When I found my way into the dressing room, where my nostrils were filled with the overwhelming smell of perfume—or more like the combinations of dozens of brands of perfume, squirted in the air and poised faces stepped through the fading droplets, head held high, and girls were leaning against their dressers, light bulbs attached around the mirror and casting bright light on their faces as they turned and conversed with the other contestants, some with malice tugging on their tweezed eyebrows and others with a genuine smile directed for their countenances, compliments finding themselves falling from their dark or glossy lips.

“Mandy!”

The squealing voice, the one that even got the attention of some of the other contestants who were immersed in other conversations, only for them to be broken by the shrill voice that sliced through them, was vaguely familiar. It felt like a haze, of horrible perfume, and then I felt two hands gripping onto my upper arms, a pearl grin pointed for my direction, and I found, standing in front of me, giggling, with aqua glitter eye-shadow sparkling as she blinked at me, was Kara Webber, Louis’s sister, and one of the girls with Reese, who suggested this all to me to begin with, and all I could hear in my head as she spoke, squealing Mandy, Mandy over and over again, was ugly Grandma sweater and the image of my tiger sweater, wrinkling their noses.
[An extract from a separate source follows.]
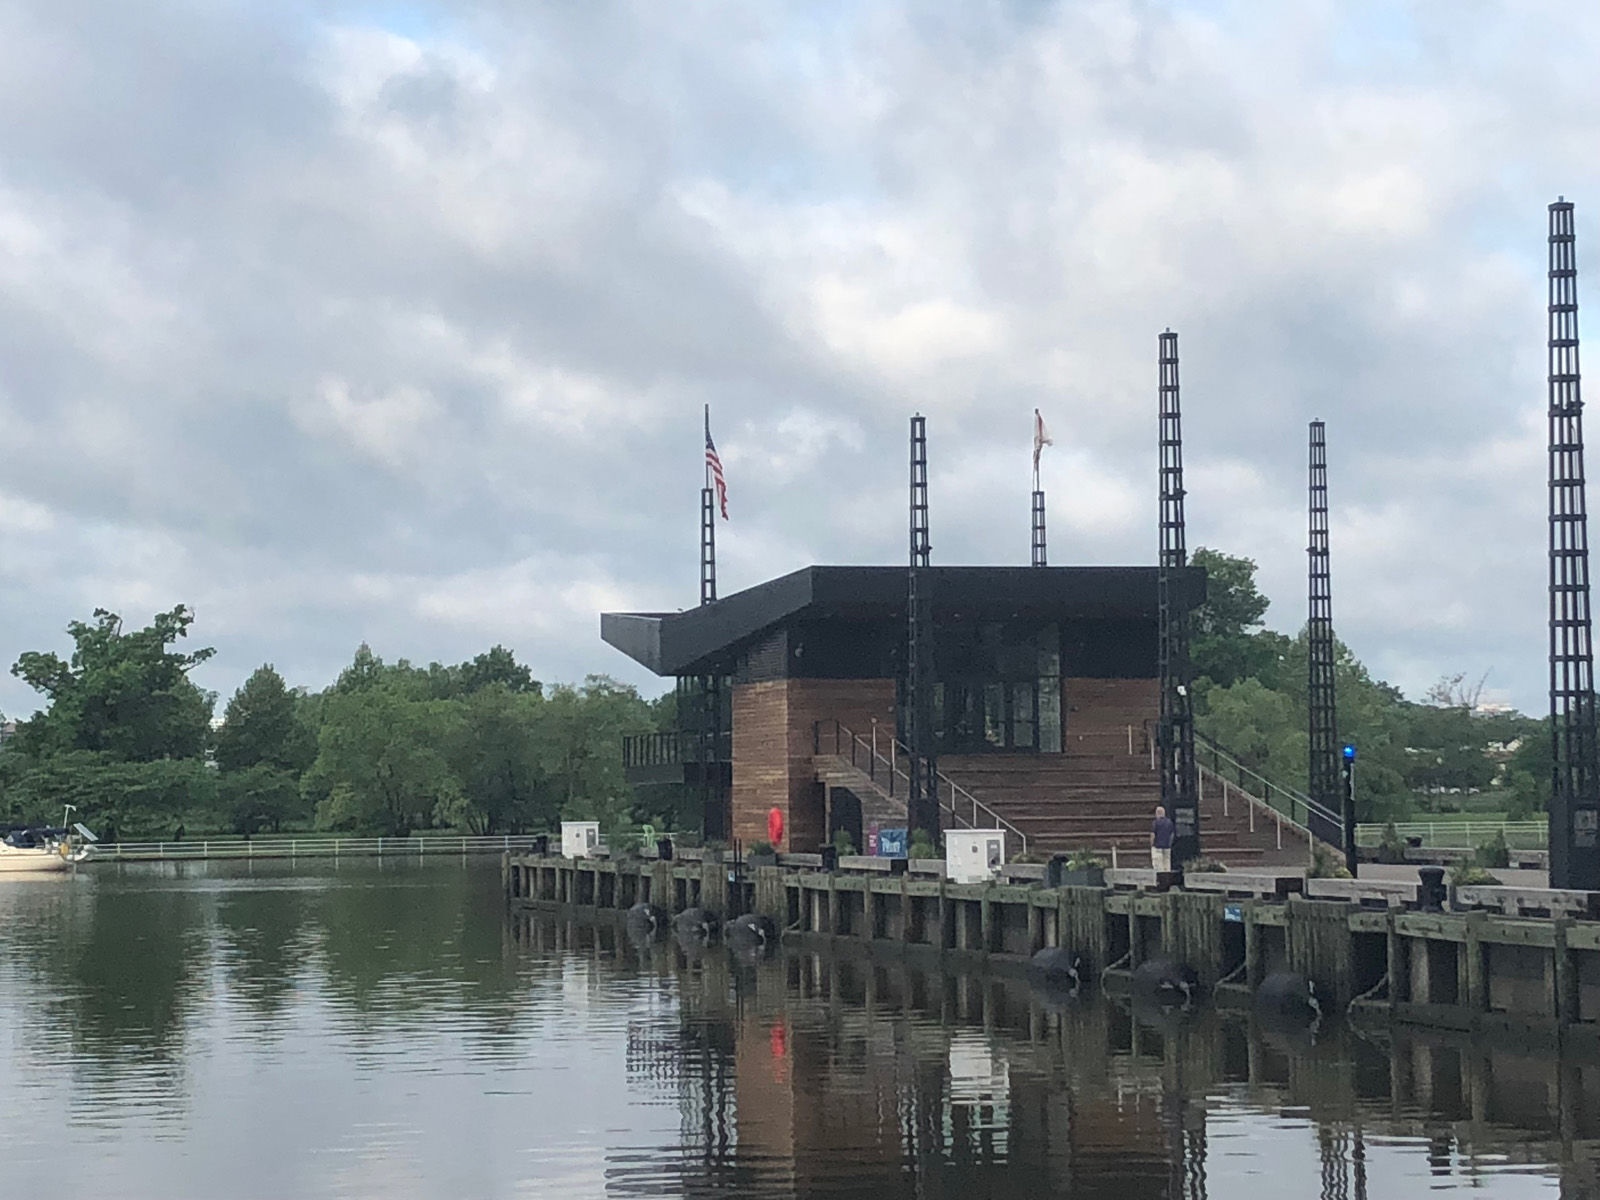 The weather service said there will be a prolonged period of at least minor flooding with moderate flooding during high tide through Sunday evening, especially north of Hains Point. (WTOP/Melissa Howell)

“Um, hi, Kara,” I said, my graze drifting from her bright azure one to over her shoulder at the other models, a frown furrowing their painted expressions as they spoke, slowly, and then turned away, their eyebrows wiggling. “I didn’t . . . I didn’t know you’d be here.”

She pulled back, her thin eyebrows raised dramatically and nearly touching her hairline, her dark hair adorning various, multicolored gems and smelled strongly of hairspray as she moved, titling her head to the side, and I realized she was wearing extensions as her hair was about four inches longer now than it was at the party last month. “You didn’t know I was going to be here?!” she said, her glossed lips ajar, but she didn’t look offended. “What about you?! I didn’t know you were a model. You seemed so . . . newbie-ish before.”